**RECORDED DATA**
================================

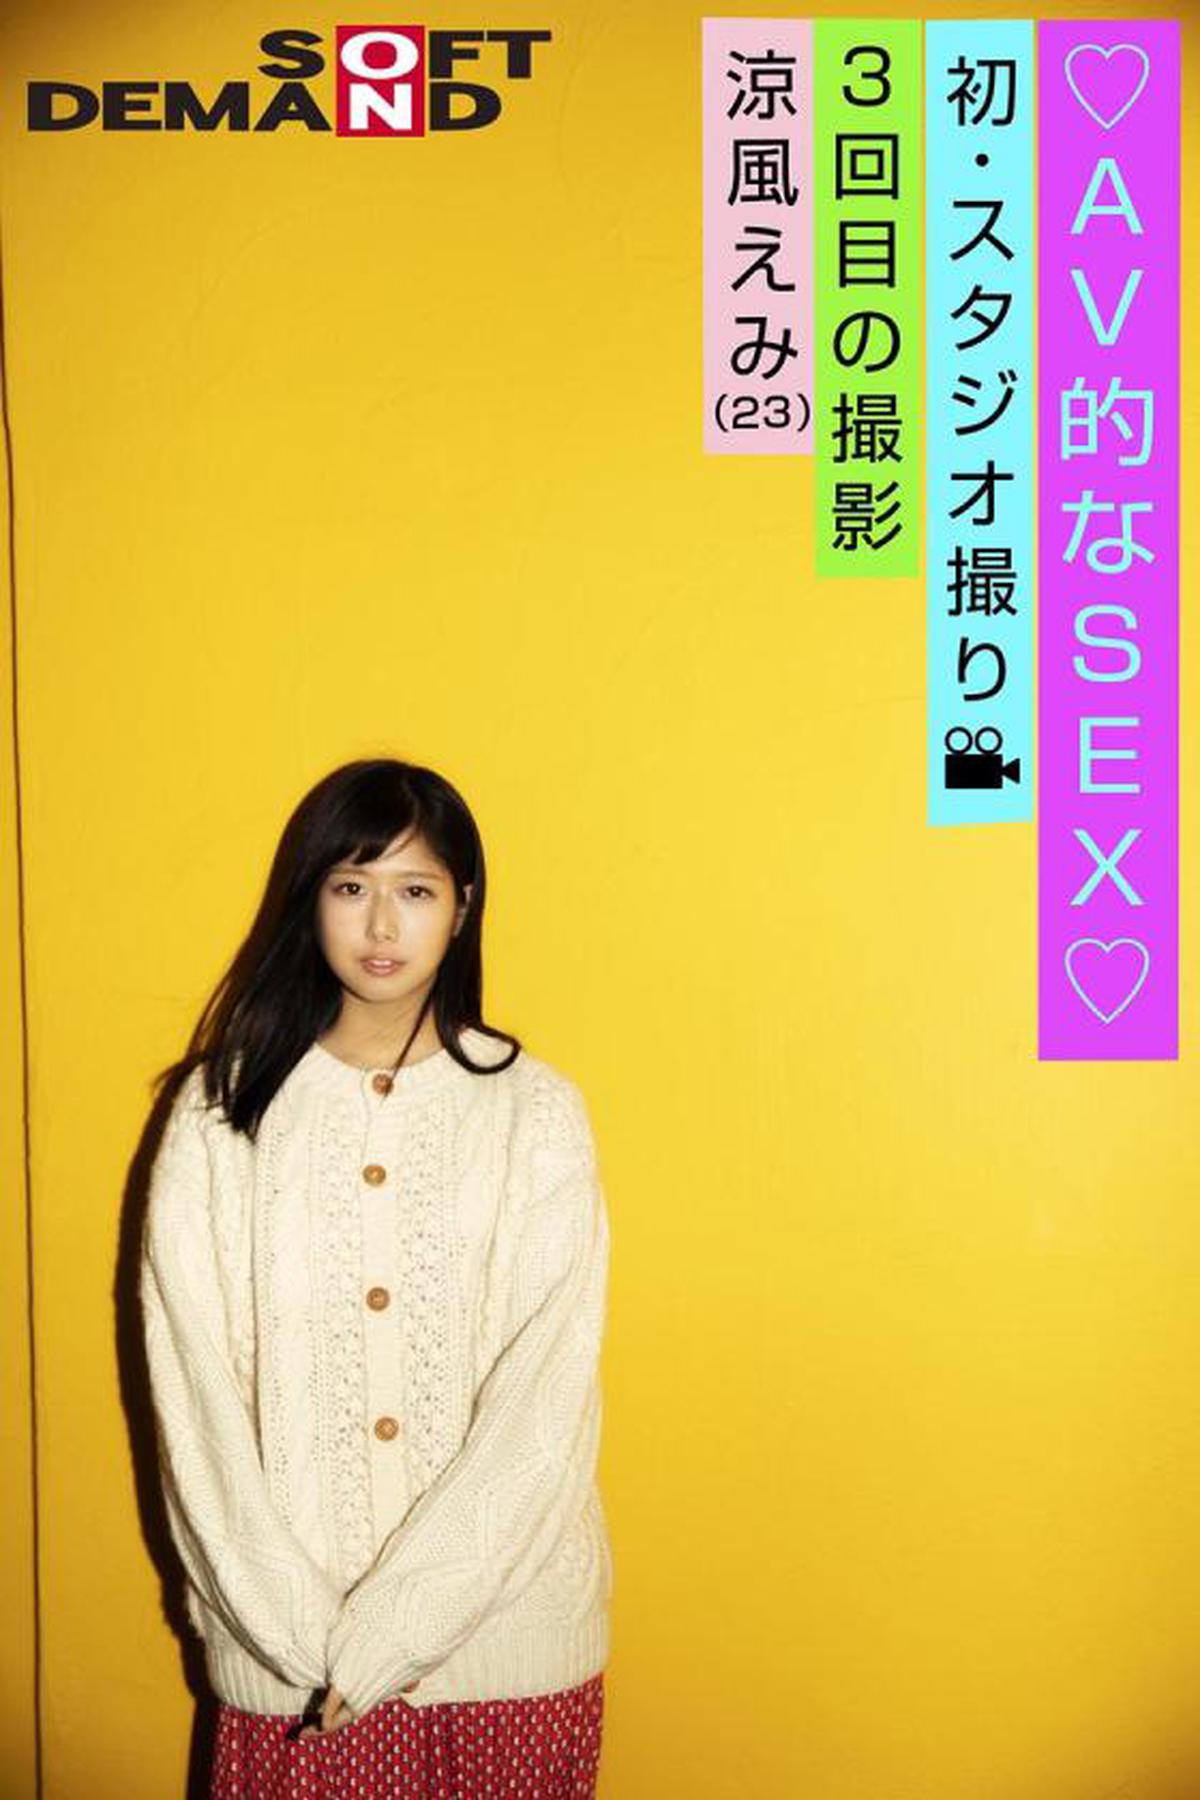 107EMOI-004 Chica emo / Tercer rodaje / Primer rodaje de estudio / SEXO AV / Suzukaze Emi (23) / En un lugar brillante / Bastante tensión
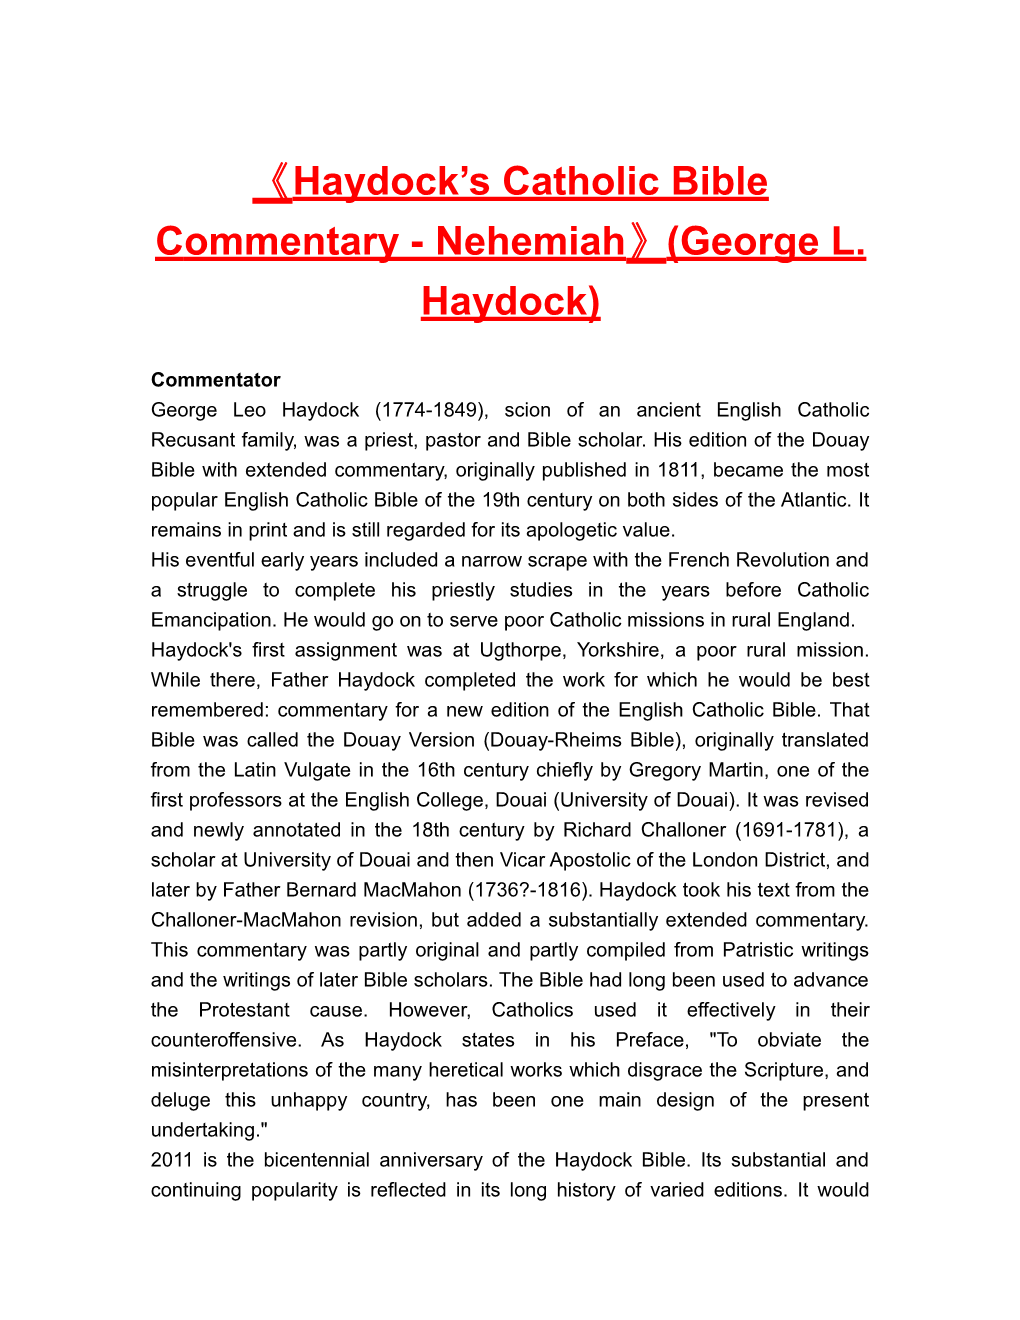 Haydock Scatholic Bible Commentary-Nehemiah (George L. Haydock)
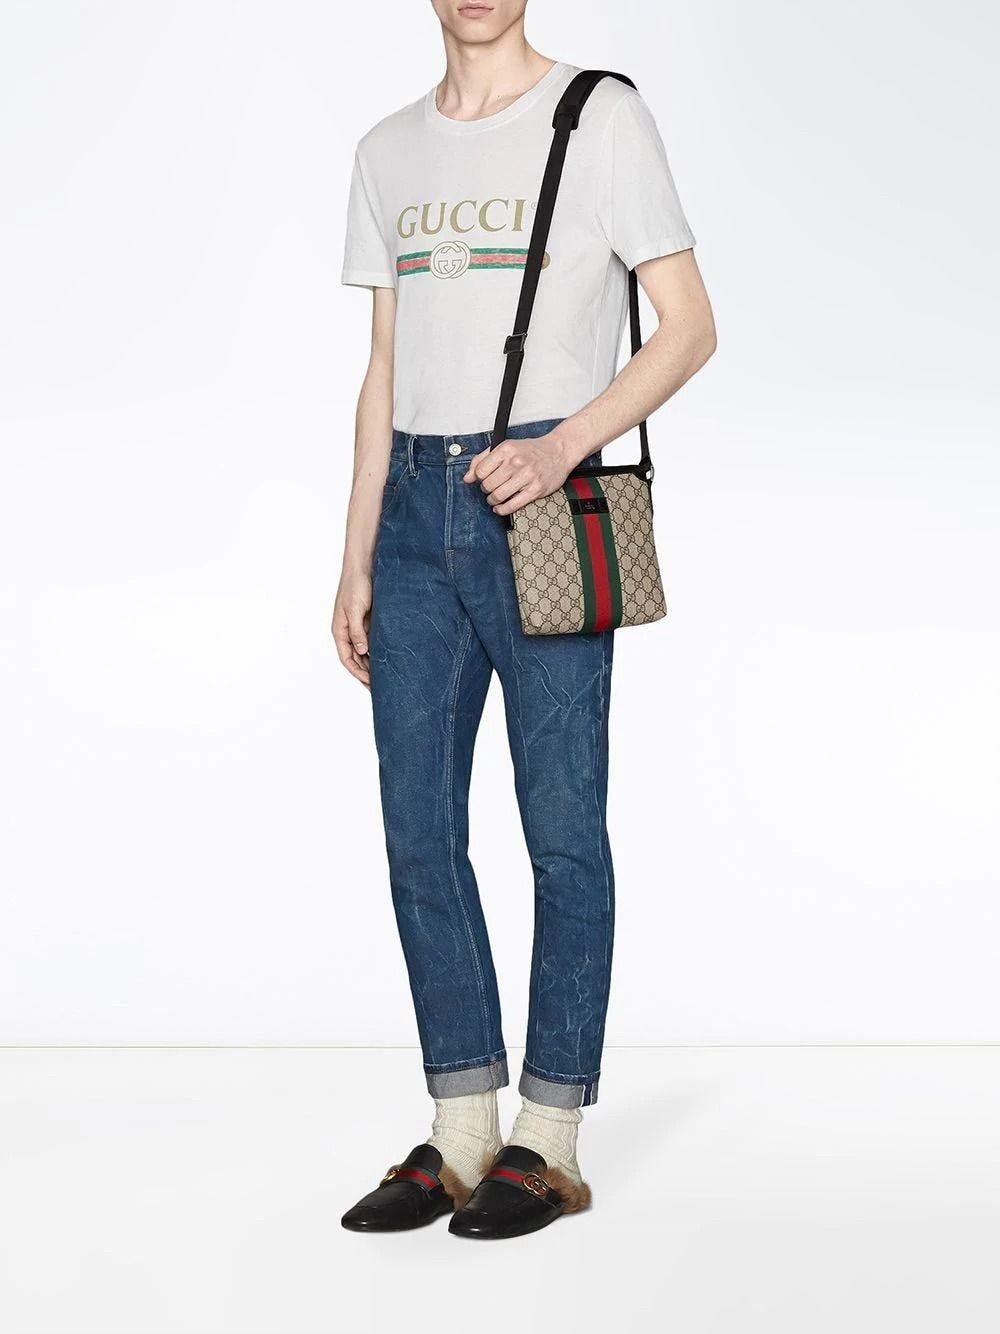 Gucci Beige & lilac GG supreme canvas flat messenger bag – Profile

================================

**EXERCISE AIM**
Print the whole listing again exactly, please. No pictures.

**RESULT**
 107EMOI-004 Chica emo / Tercer rodaje / Primer rodaje de estudio / SEXO AV / Suzukaze Emi (23) / En un lugar brillante / Bastante tensión
 Haydock Scatholic Bible Commentary-Nehemiah (George L. Haydock)
 Gucci Beige & lilac GG supreme canvas flat messenger bag – Profile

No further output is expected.